Segment Start: Data provided

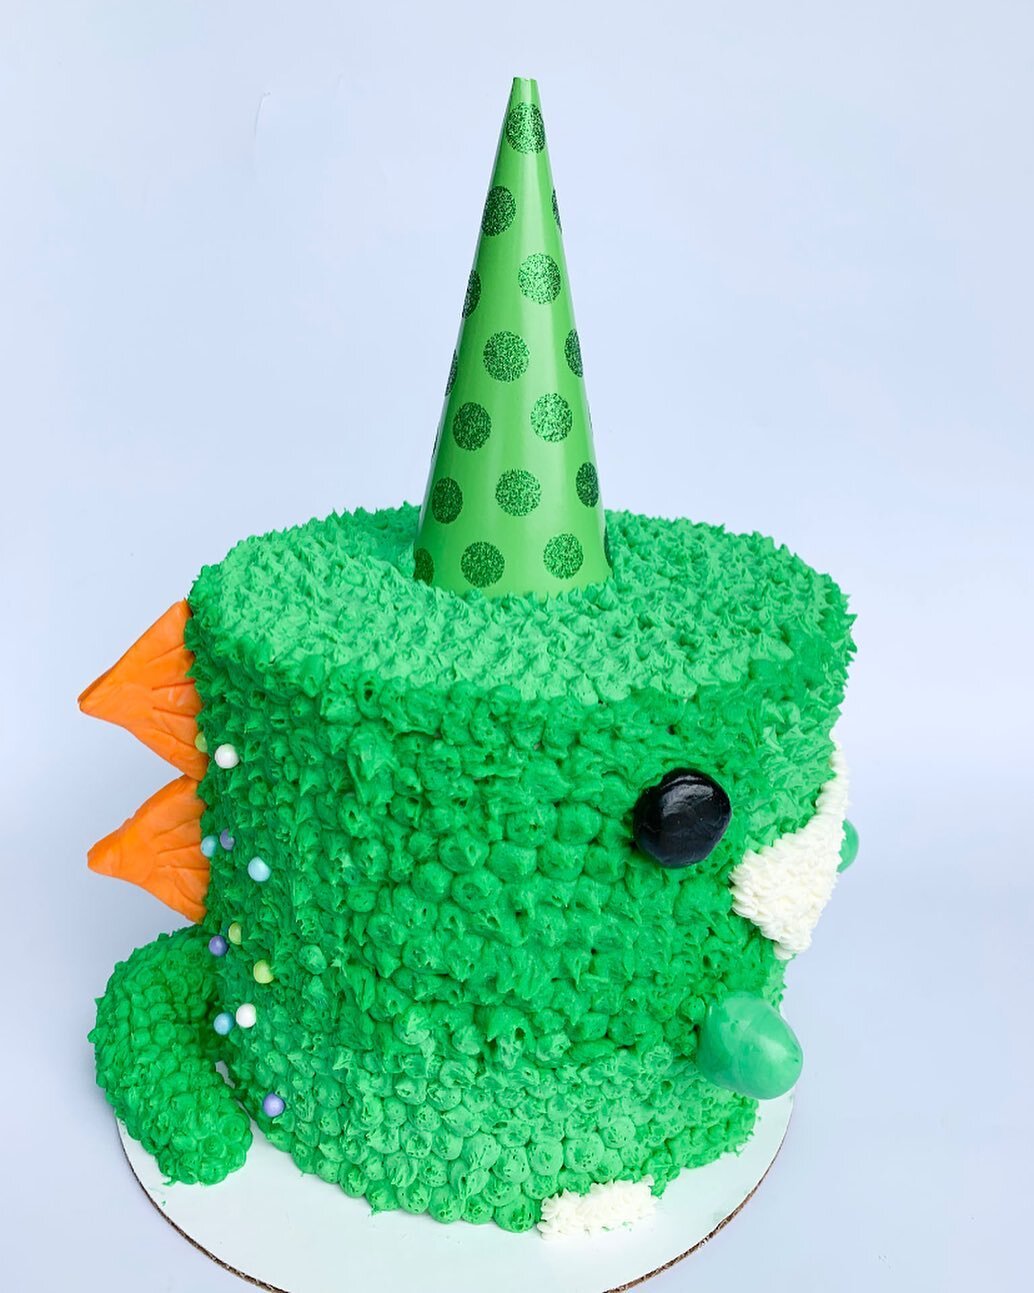 Sweet Dino Birthday Cake! 🦖 #birthdaycake #dinosaur #dinosaurcake #dino #cake #instacake #cakestagram #cakesecorating #trex #happybirthday #birthday
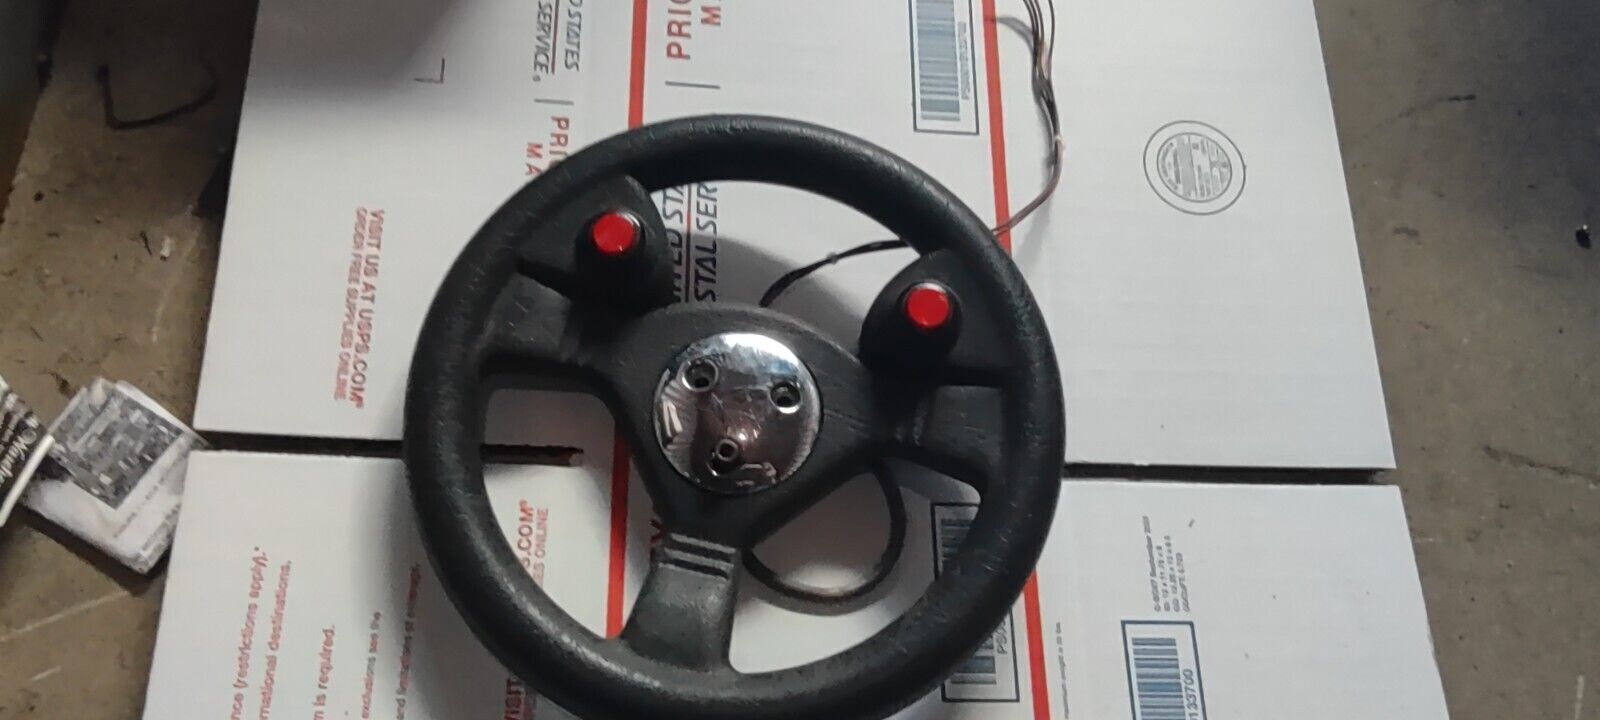 revolt arcade fire button steering wheel #26
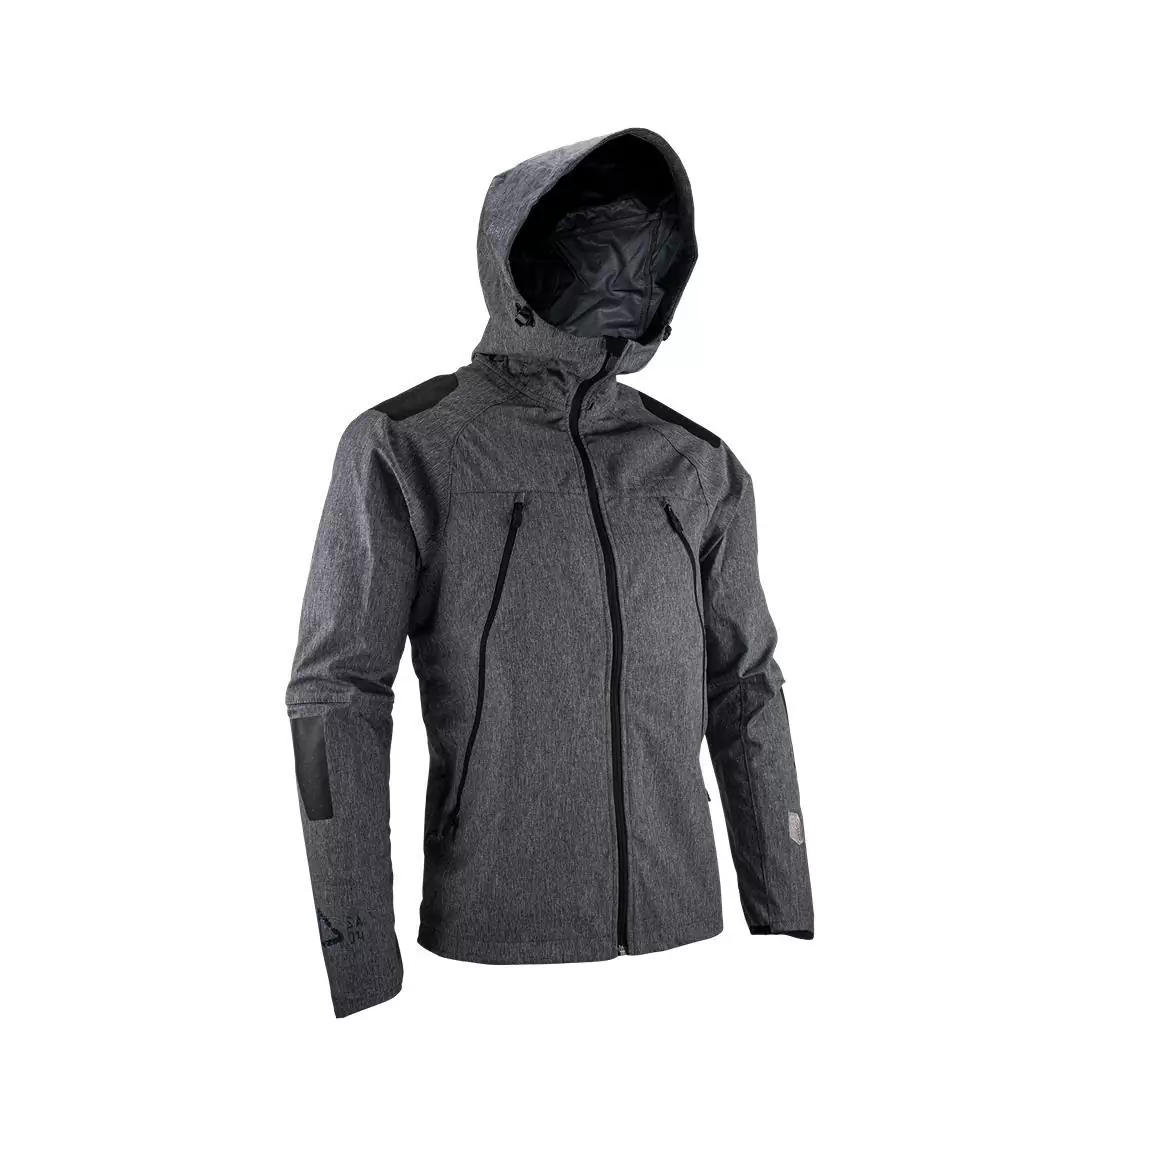 Mtb Hydradri 4.0 waterproof jacket Black size XS - image
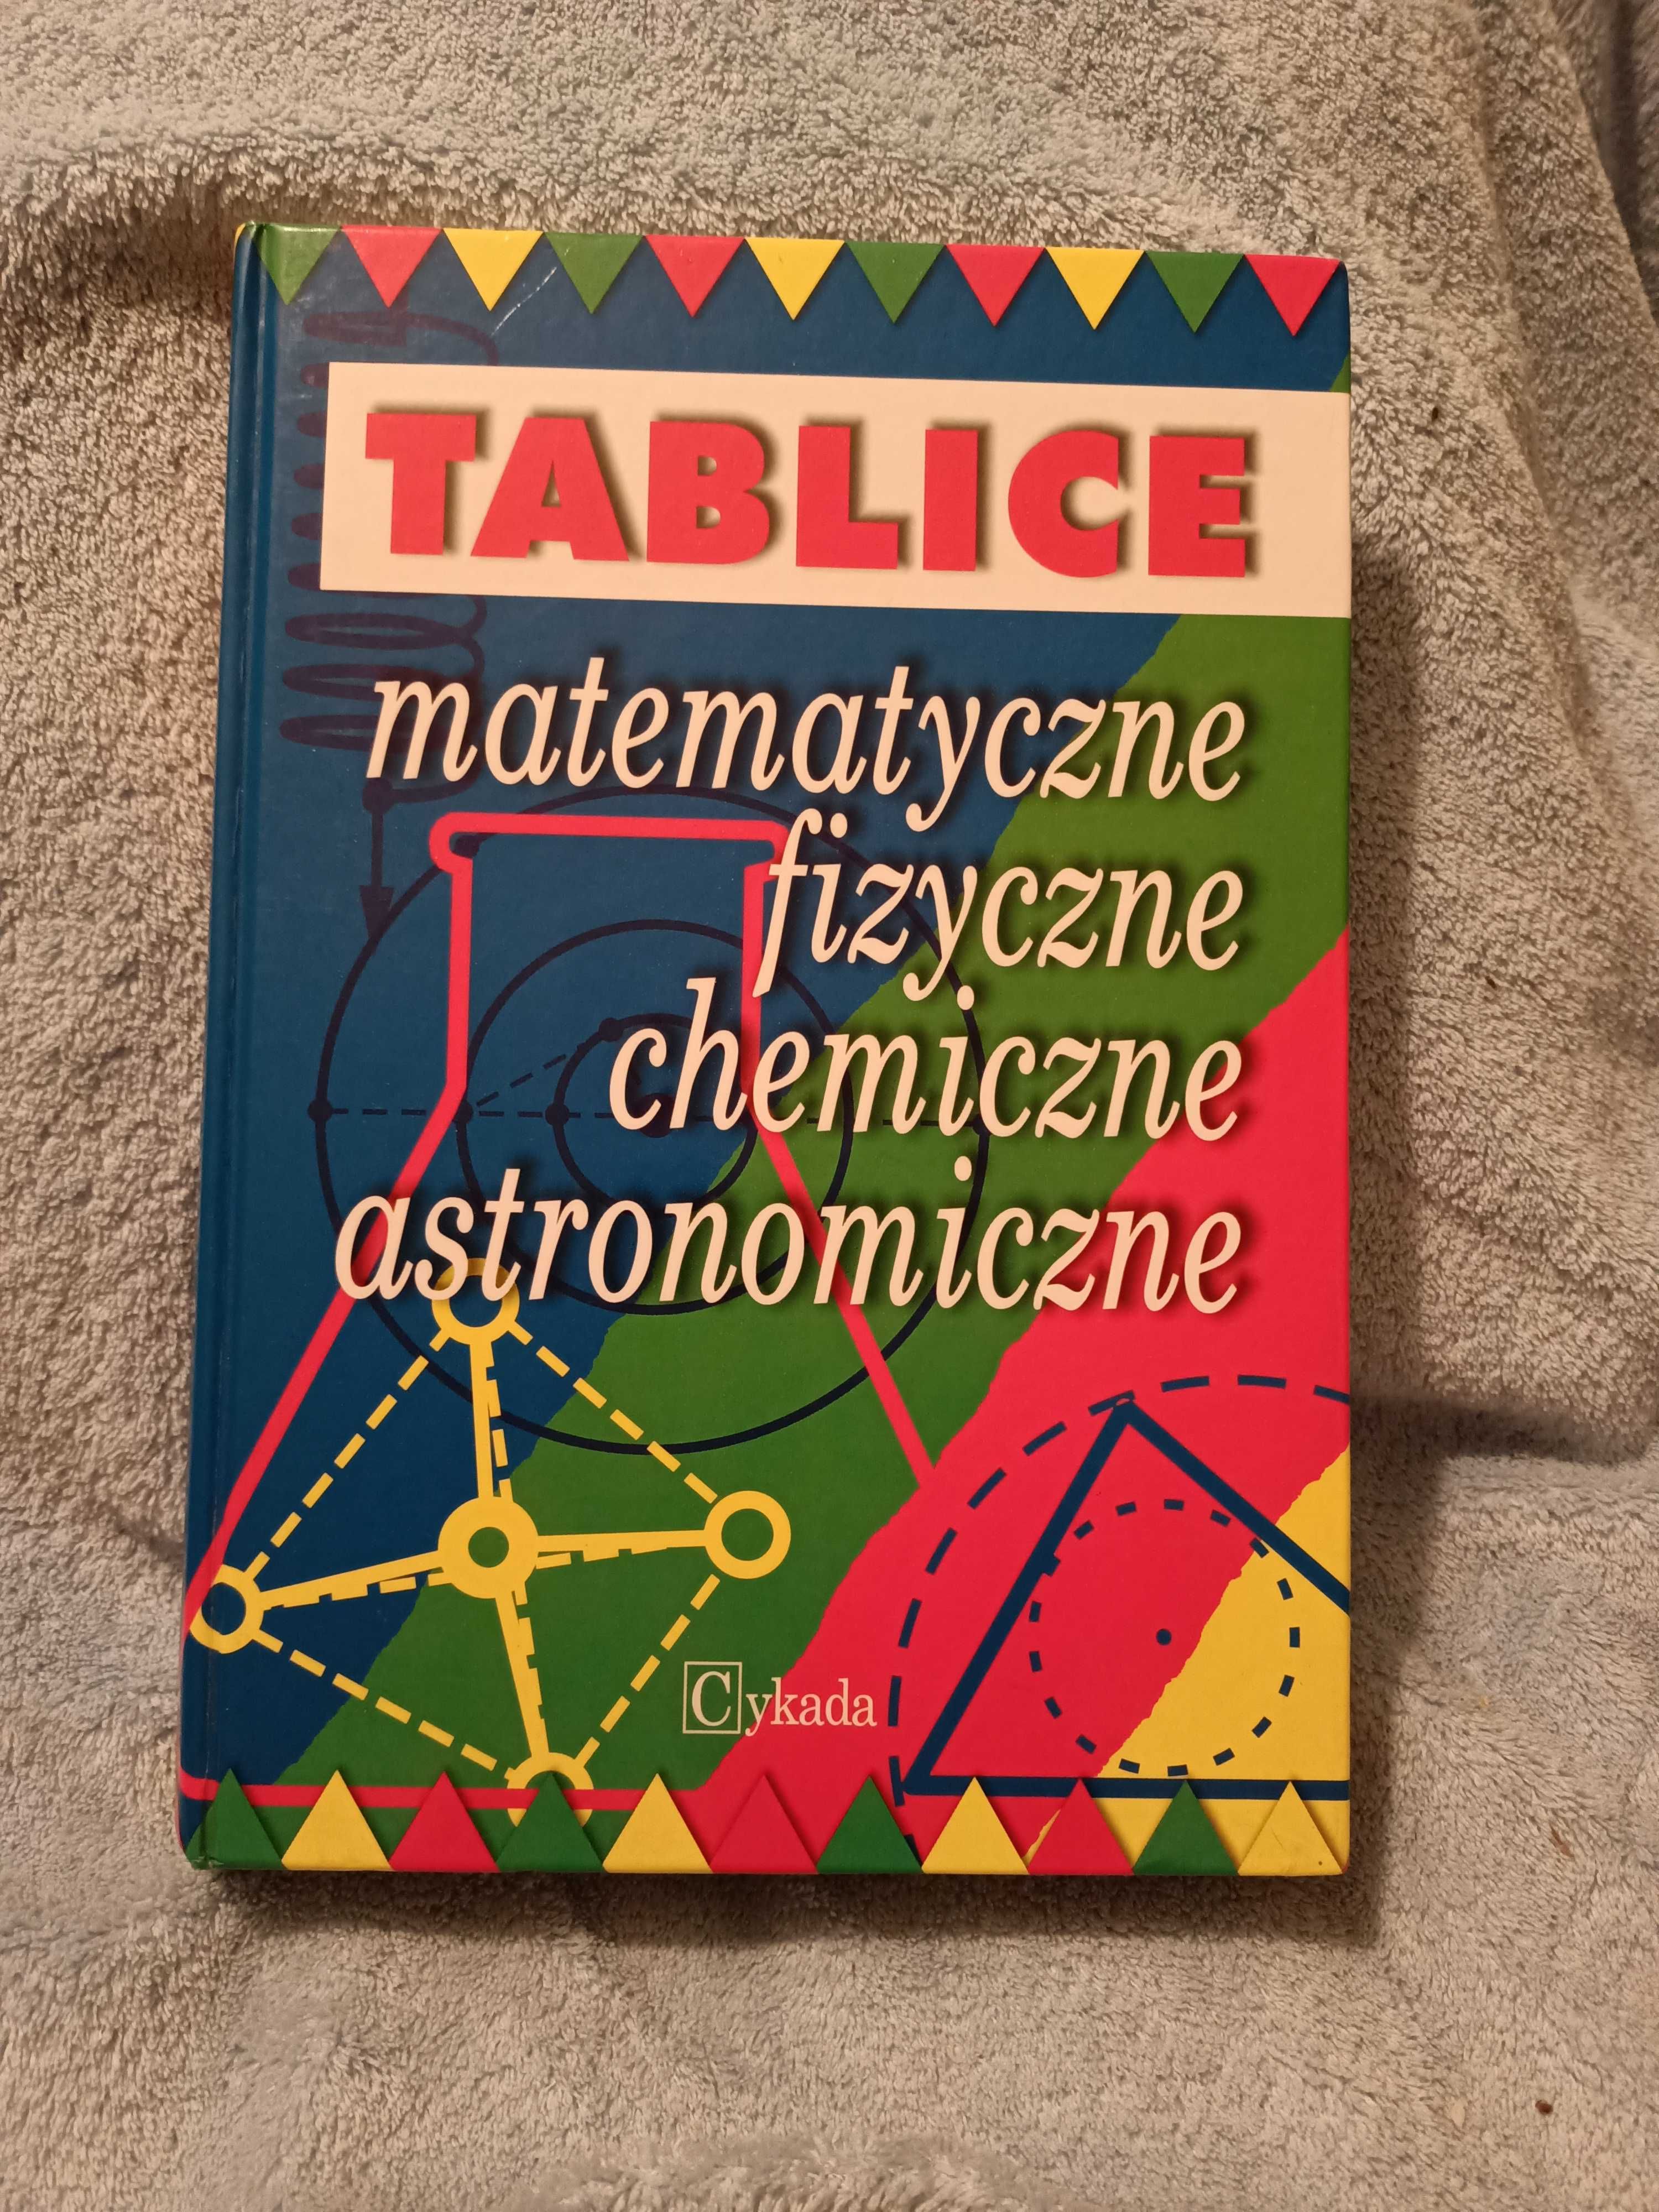 Tablice matematyczne, fizyczne, chemiczne, astronomiczne.

Segment End: Data provided

All that belongs in the answer is the exact run of lines from the line containing "Mtb Hydradri 4.0" to the end of the listing above, pictures removed.

Output for this exercise:
 Mtb Hydradri 4.0 waterproof jacket Black size XS - image
 Tablice matematyczne, fizyczne, chemiczne, astronomiczne.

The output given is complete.